(Collection entries)
################

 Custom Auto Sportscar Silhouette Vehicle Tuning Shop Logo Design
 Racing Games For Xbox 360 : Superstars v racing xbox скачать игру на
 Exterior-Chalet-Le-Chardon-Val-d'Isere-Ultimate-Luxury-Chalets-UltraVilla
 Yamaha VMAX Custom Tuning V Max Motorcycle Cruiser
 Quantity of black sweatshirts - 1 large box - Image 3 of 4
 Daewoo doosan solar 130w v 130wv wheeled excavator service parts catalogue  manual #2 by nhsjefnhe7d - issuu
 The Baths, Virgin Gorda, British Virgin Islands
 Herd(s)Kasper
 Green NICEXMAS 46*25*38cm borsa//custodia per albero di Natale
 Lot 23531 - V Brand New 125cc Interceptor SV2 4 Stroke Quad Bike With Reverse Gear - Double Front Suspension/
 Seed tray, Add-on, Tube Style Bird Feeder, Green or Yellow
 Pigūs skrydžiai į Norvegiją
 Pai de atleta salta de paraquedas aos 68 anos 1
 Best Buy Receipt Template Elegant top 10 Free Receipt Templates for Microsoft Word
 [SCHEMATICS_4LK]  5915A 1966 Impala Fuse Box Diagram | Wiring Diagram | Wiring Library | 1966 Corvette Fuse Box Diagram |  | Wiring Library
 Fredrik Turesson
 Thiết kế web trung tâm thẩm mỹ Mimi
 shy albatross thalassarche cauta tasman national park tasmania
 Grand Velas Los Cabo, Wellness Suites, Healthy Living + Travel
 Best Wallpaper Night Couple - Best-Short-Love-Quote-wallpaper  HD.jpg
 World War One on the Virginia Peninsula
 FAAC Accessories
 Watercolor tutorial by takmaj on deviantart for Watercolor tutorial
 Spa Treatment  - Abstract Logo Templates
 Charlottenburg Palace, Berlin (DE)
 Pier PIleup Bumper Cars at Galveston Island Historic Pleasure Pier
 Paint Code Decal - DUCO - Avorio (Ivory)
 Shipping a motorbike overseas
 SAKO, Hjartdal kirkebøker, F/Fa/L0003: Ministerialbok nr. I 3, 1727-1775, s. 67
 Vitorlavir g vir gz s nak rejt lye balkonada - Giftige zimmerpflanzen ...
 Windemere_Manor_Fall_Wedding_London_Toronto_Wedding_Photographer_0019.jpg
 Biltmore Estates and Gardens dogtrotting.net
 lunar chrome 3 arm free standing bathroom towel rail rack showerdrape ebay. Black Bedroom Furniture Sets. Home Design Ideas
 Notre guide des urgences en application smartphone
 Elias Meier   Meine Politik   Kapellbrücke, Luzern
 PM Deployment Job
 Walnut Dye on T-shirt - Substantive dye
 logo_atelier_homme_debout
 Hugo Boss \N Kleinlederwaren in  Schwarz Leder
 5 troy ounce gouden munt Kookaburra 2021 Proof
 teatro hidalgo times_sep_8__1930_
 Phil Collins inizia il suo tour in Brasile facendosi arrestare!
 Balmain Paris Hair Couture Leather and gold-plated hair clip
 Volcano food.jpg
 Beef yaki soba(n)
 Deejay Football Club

################

### Problem
Find the word "Custom" in the entries and show each line where it is found.

### Solution to this problem
 Custom Auto Sportscar Silhouette Vehicle Tuning Shop Logo Design
 Yamaha VMAX Custom Tuning V Max Motorcycle Cruiser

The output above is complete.